The “normal investigative process” was not followed and the probe was “slow-walked” and littered with “unnecessary … approvals and roadblocks,” Mr. Ziegler claimed.
“If it were not for the IRS whistleblowers coming forward to the Ways and Means Committee, Hunter Biden would have never faced accountability for the crimes he has committed,” Mr. Smith wrote in a statement. “Today’s verdict is a step towards ensuring equal application of the law, regardless of one’s last name.”
In carefully worded language, Mr. Weiss has said he never felt he was impeded in his investigation.

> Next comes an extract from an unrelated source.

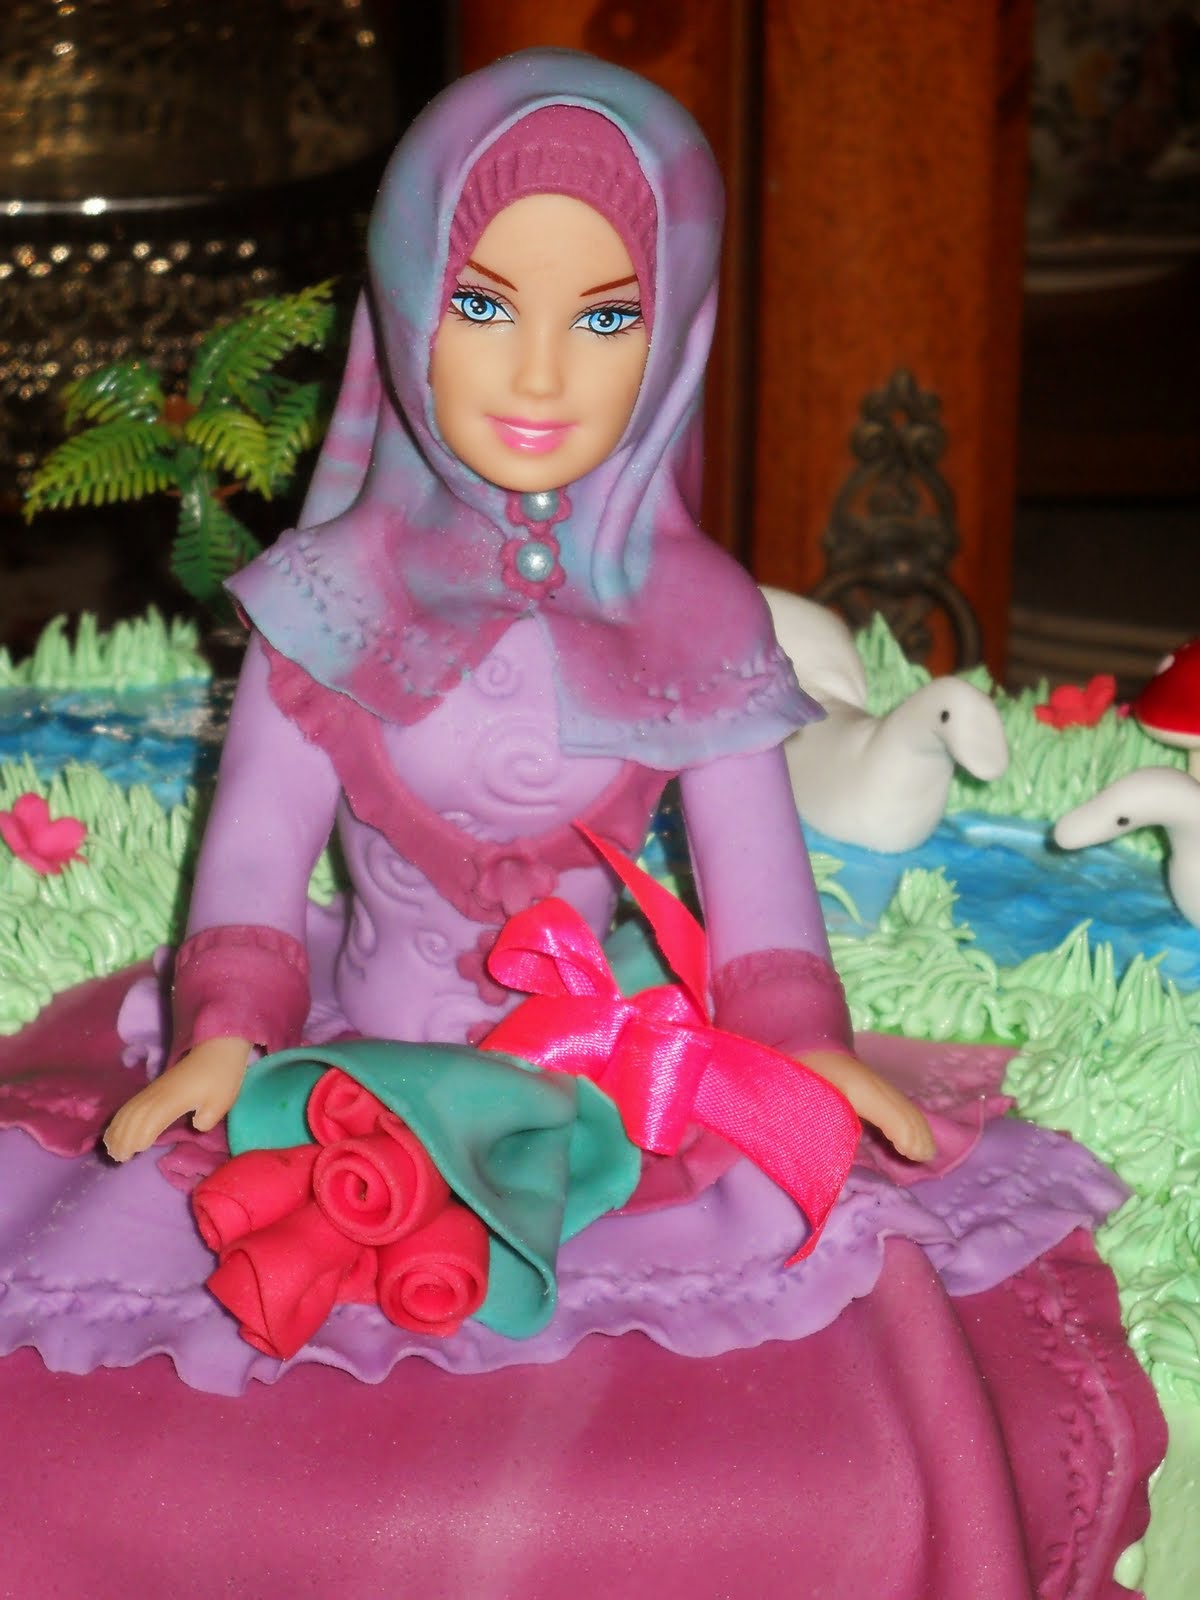 Kumpulan Gambar Boneka Barbie Muslim Cantik Dan Keren Untuk Anak 2015

The House impeachment inquiry has stalled in recent months after the Oversight Committee struggled to find credible evidence that President Biden personally profited off Hunter’s business dealings, or that he engaged in policy actions in a quid for quo with his son’s foreign business partners. With an incredibly slim majority in the House, it is unclear if Messrs. Comer, Smith, and Jordan have the votes to impeach the president.
For a while, it appeared as if Mr. Comer would end his probe with a set of criminal referrals against Biden and his uncle, Jim, for allegedly lying to Congress when they testified before the Oversight Committee. Mr. Comer ultimately issued those criminal referrals on June 5 — the Biden justice department is unlikely to pursue them — but made it clear that it is not the end of his investigation.
“This is just the beginning,” Mr. Comer told Fox News on Sunday. “The next step will be accountability for Joe Biden.”
If President Trump returns to the Oval Office in January, it’s possible that the justice department would then pursue contempt charges against Hunter and James Biden. The current president’s DOJ did successfully prosecute two of Trump’s top advisers, Steve Bannon and Peter Navarro, for contempt of Congress, related to the House’s investigation of the January 6 riot, after receiving a criminal referral from Democrats. Navarro is currently incarcerated at a federal prison in Florida and Bannon has been ordered to report to prison next month.
Whether the president is ultimately impeached may prove immaterial to the political ramifications of his son’s conviction and the allegations of wrongdoing and corruption. According to a Harvard–Harris poll from April, the vast majority of Americans believe the president aided his son’s foreign business dealings by using his official government position. In total, 58 percent of voters said the president was in some way involved, including 36 percent of Democrats.